Emménagement

   Nous emménageons dans notre appartement aujourd’hui. Je conduis un petit camion de location sur une autoroute à cinq voies. La skyline de Chicago, massive à l’horizon, m’empêche de bien me concentrer sur la route. C’est la première fois que je me mets au volant d’un camion, qui plus est à boite automatique. Je suis bloquée sur le parking, nous devons aller chercher le loueur pour qu’il m’explique comment ça marche.

   Quand nous arrivons chez nous, nous garons le camion dans l’allée derrière l’immeuble. La back alley, c’est tout un concept. Entre les gamins qui jouent et font du vélo, on peut apercevoir des rats sauter de poubelles en poubelles à la tombée de la nuit. Le lendemain, on les croise à nouveau, écrasés par les roues d’une voiture, les entrailles à l’air. C’est aussi là que les habitants entassent les meubles et objets dont ils ne veulent plus. Chacun peut se servir. Normalement, aucune voiture n’y circule, sauf celles des quelques chanceux qui y ont une place de stationnement. 




La back alley en hiver


   On s’aventure donc, au volant de notre camion, dans la back alley. On pourra décharger et monter les meubles par l’escalier de secours de notre appartement, comme nous a dit de le faire l’agence. Après quelques minutes, un homme s’approche et dans un mauvais anglais, nous fait comprendre que nous sommes garés sur sa place de parking et que nous devons dégager. C’est pourtant l’affaire de quelques minutes, nous venons d’emménager et devons seulement monter quelques affaires. Il n’en a rien à faire, nous devons dégager. Il s’en fiche de notre emménagement. Les cheveux gominés et coiffés en arrière, une chemise beige ouverte sur un débardeur blanc (j’apprendrais plus tard que ce genre de débardeur à la Bruce Willis s’appelle un wife-beater), l’homme pourrait jouer dans un film de Martin Scorsese sur la mafia. Nous déplaçons le camion de trois mètres. Il est satisfait, je garde un goût amère de ma première rencontre avec ce voisin. 

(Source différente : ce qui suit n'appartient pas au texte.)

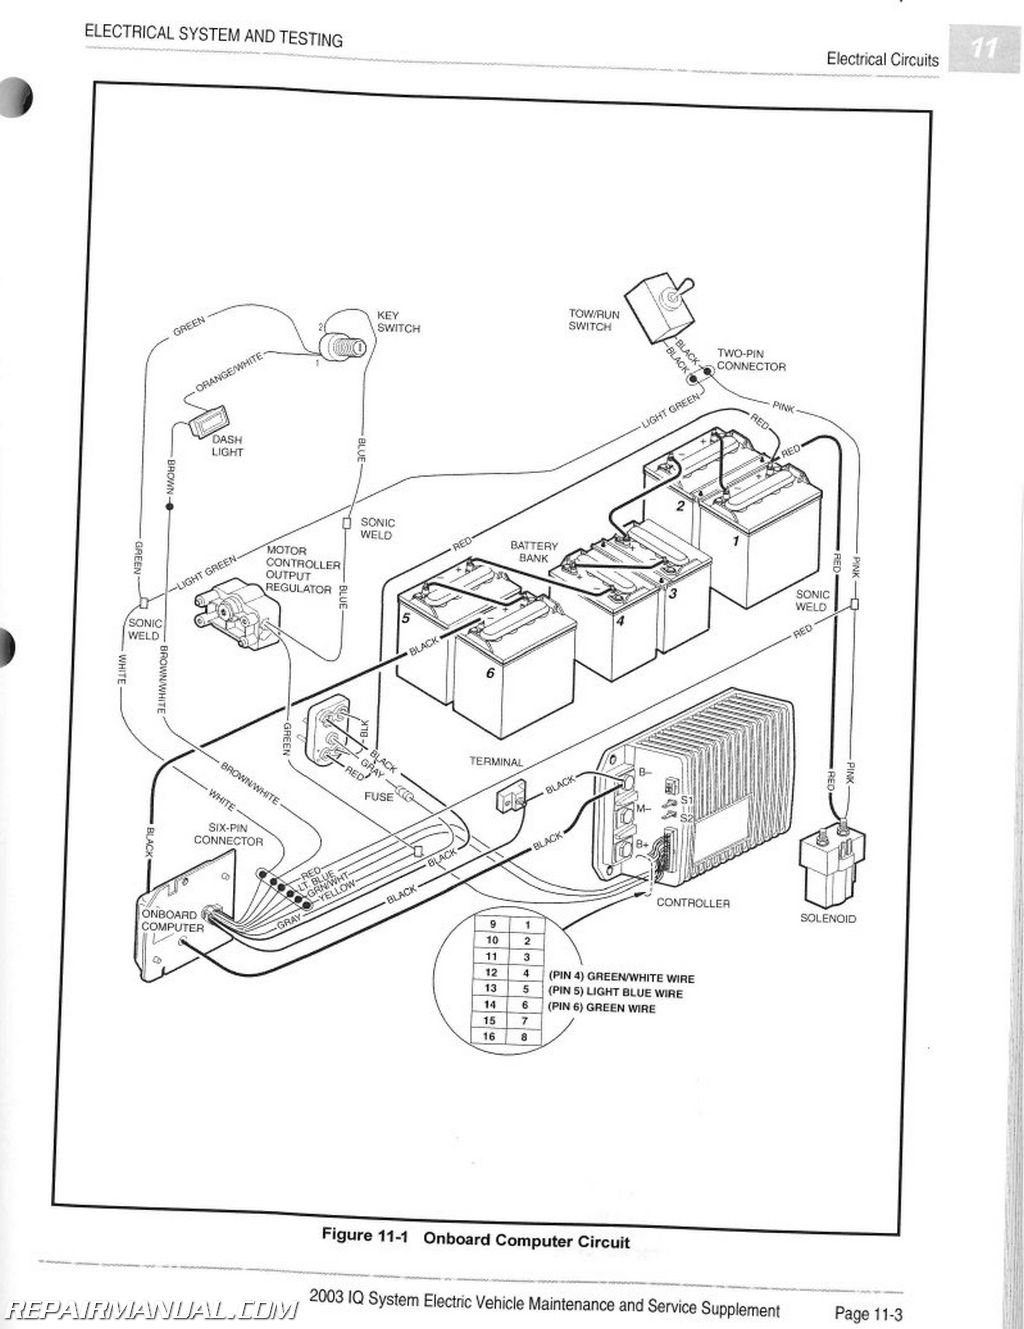 Wiring Diagram: 27 Club Car Ds Wiring Diagram

   Nous sommes tous les deux, M. et moi, pour décharger nos affaires : un matelas, un sommier, une table, deux chaises, et des sacs d'ustensiles de cuisine et de draps en vrac, achetés d'occasion à un couple d'étudiants belges qui quittent le pays. Nous n'arrivons pas à faire passer le sommier dans l'escalier de secours. Nous essayons différents angles, rien à faire, ça ne passe pas. La panique me gagne : qu'allons-nous faire de ce sommier, si l'on ne peut pas le faire rentrer dans nos appartement ? Des traces noires commencent à apparaître sur les angles que nous essayons d'emboiter dans la cage d'escalier. Nous devons rendre le camion le jour-même, et je commence mon nouveau travail le lendemain.
   Nous décidons de faire le tour de l’immeuble à pied, le sommier à bout de bras, pour essayer la porte principale. Là, un homme arrive en vélo, nous salue et nous demande si nous sommes ses nouveaux voisins. Après trois mots en anglais de notre part, il nous demande si nous sommes français… en français. On est soulagé de le rencontrer : il nous aide à porter notre sommier. Après pas mal d’huile de coude, nous réussissons finalement et le remercions. En français.